2. The aforementioned processor, Based on the reception of coordinate information of the target area from the server, the target area on the map is determined via the coordinate information. Based on the predetermined direction and coordinate information, the server receives a direction vector indicating the movement of the robot in the target area. Based on the reception of the direction vector, the reference score is received from the server. The robot control device according to claim 1, characterized in that the target region includes a polygonal region formed based on the coordinate information.
3. The aforementioned processor, The server receives a reference speed, which is an acceptable speed for the robot in the target area, and a predetermined overall path for the robot's movement in the area of interest. The robot control device according to claim 2, characterized in that it determines a path vector predicted by the movement of the robot in the target area from the overall path.
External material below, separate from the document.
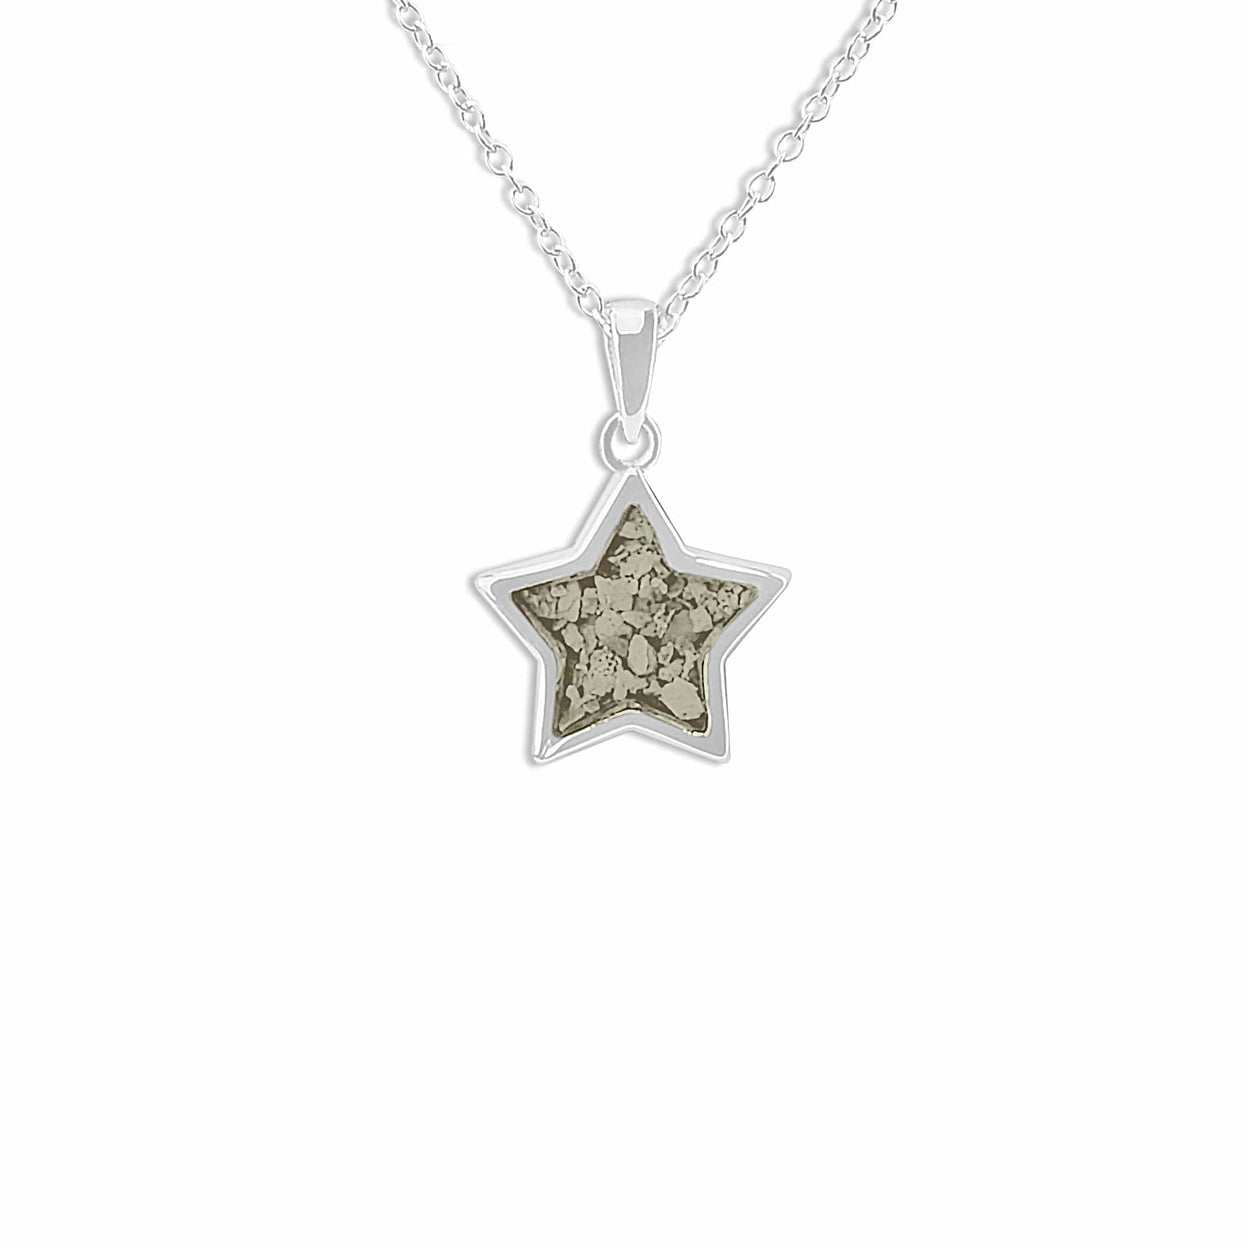 Load image into Gallery viewer, EverWith Ladies Star Memorial Ashes Pendant

4. The aforementioned processor, Based on the overall route and the target area, a sub-path, which is the robot's movement path within the target area, is determined. By dividing the aforementioned subpath into predetermined lengths, at least one unit path is obtained. Determine the unit vectors of each of the at least one unit paths, The robot control device according to claim 3, characterized in that the path vector is determined by summing each of the at least one unit vectors.
5. The aforementioned processor, From the aforementioned total routes, the routes included in the target area are determined to be the sub-routes. Determine the first point which is the entry point of the subpath in the target area and the second point which is the exit point of the subpath. The robot control device according to claim 4, characterized in that the path vector is determined via the direction vector of the first point and the direction vector of the second point based on the fact that the predetermined length is the same as the length of the subpath.
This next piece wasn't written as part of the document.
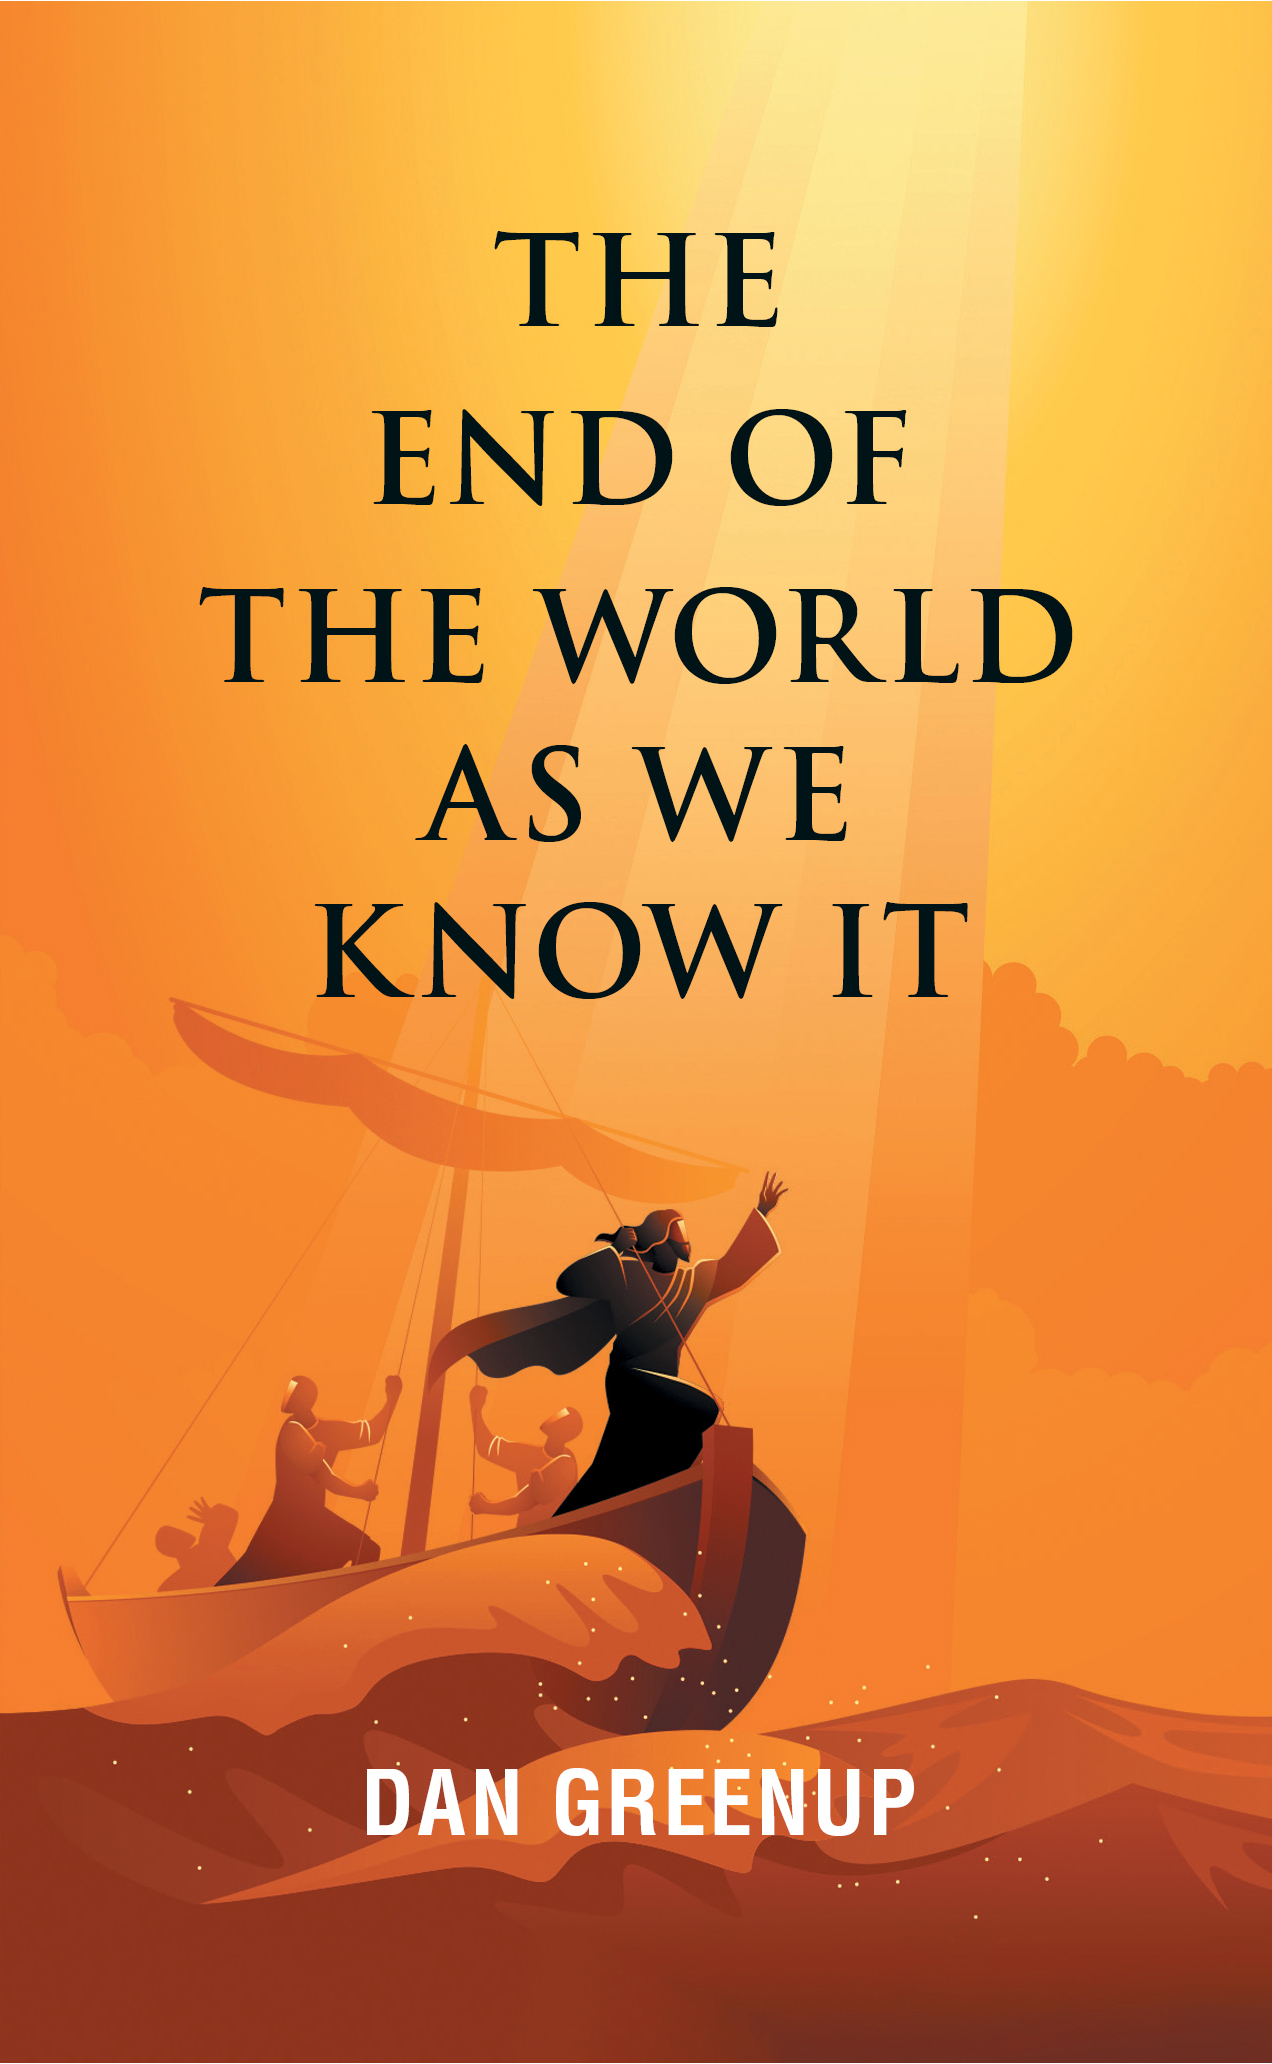 FREE: The End of the World as We Know It by Dan Greenup

6. The aforementioned processor, A first score is determined based on the similarity between the path vector and the direction vector. A second score indicating the density of the target region is determined based on the size of the target region and the objects contained within the target region. The robot control device according to claim 3, characterized in that it determines a third score based on the reference speed and predicted speed information expected when the robot passes through the target area.
7. The aforementioned processor, If the object is identified as a dynamic obstacle in the target area, the obstacle area occupied by the object in the target area is determined. The robot control device according to claim 6, characterized in that the second score is determined based on the ratio of the reference area, which is the area of the target region, to the obstruction area.
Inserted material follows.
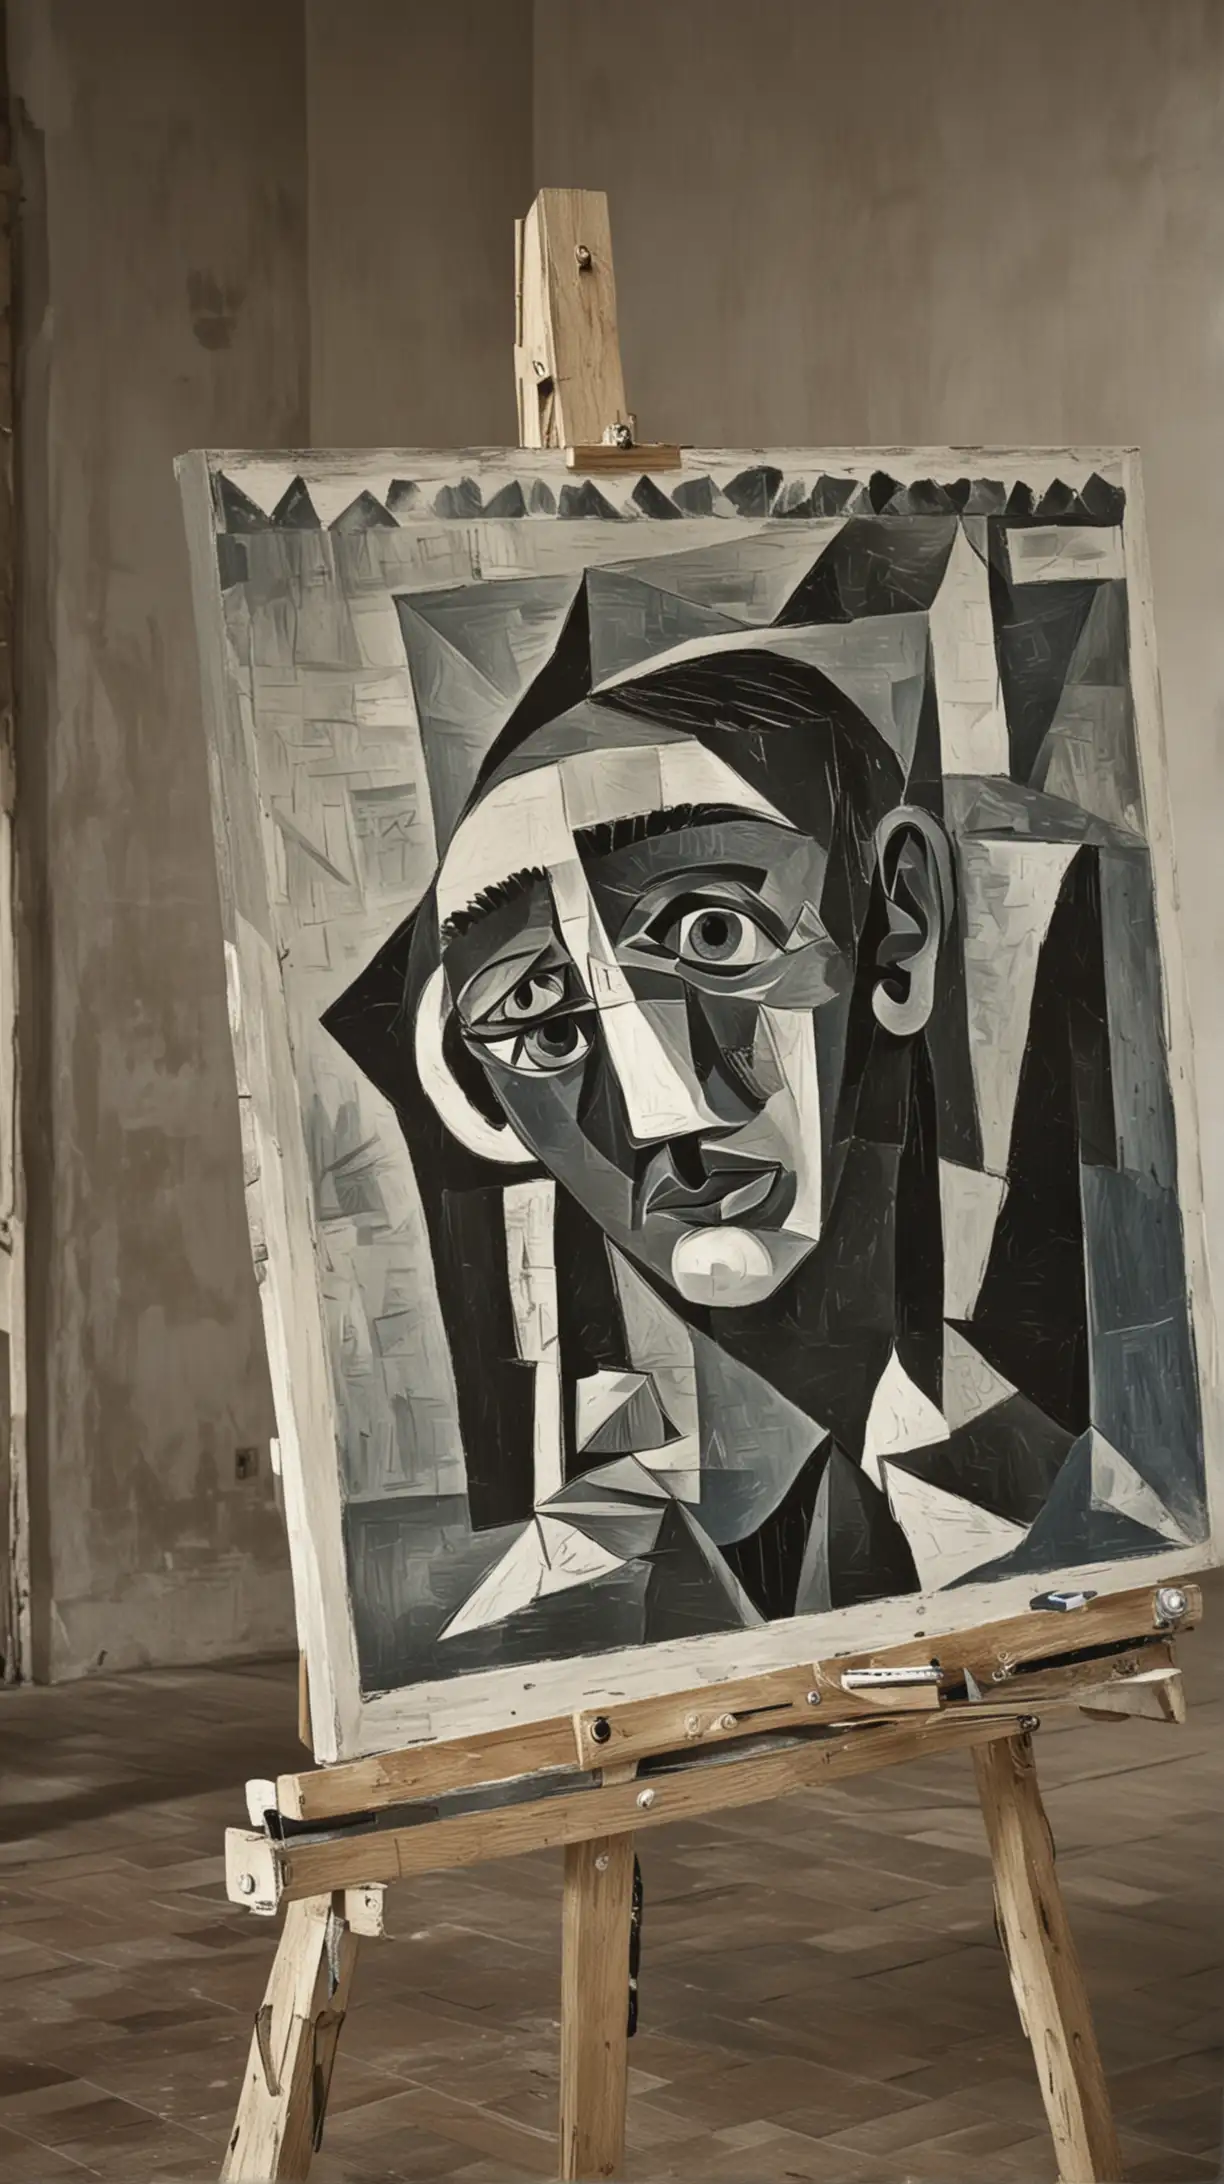 Abstract Painting by Pablo Picasso in Cubist Style

8. The aforementioned processor, The entry score is determined based on the first score, the second score, and the third score. The robot control device according to claim 6, characterized in that the entire route is determined as the travel route based on the fact that the entry score is less than the reference score.
9. The aforementioned processor, The first, second, and third weights are obtained from a path prediction model trained to output weights to be applied to the aforementioned entry score. Apply the first weighting value to the first score, Apply the second weighting value to the second score, Apply the third weighted value to the third score, The robot control device according to claim 8, characterized in that it determines the entry score based on the first score, the second score, and the third score to which weighted values have been applied.
10. The aforementioned processor, Based on the fact that the entry score is equal to or greater than the reference score, the target area is determined to be an area where the robot cannot move. The robot control device according to claim 8, characterized in that it re-determines the robot's travel path based on the region obtained by excluding the target region from the region of interest.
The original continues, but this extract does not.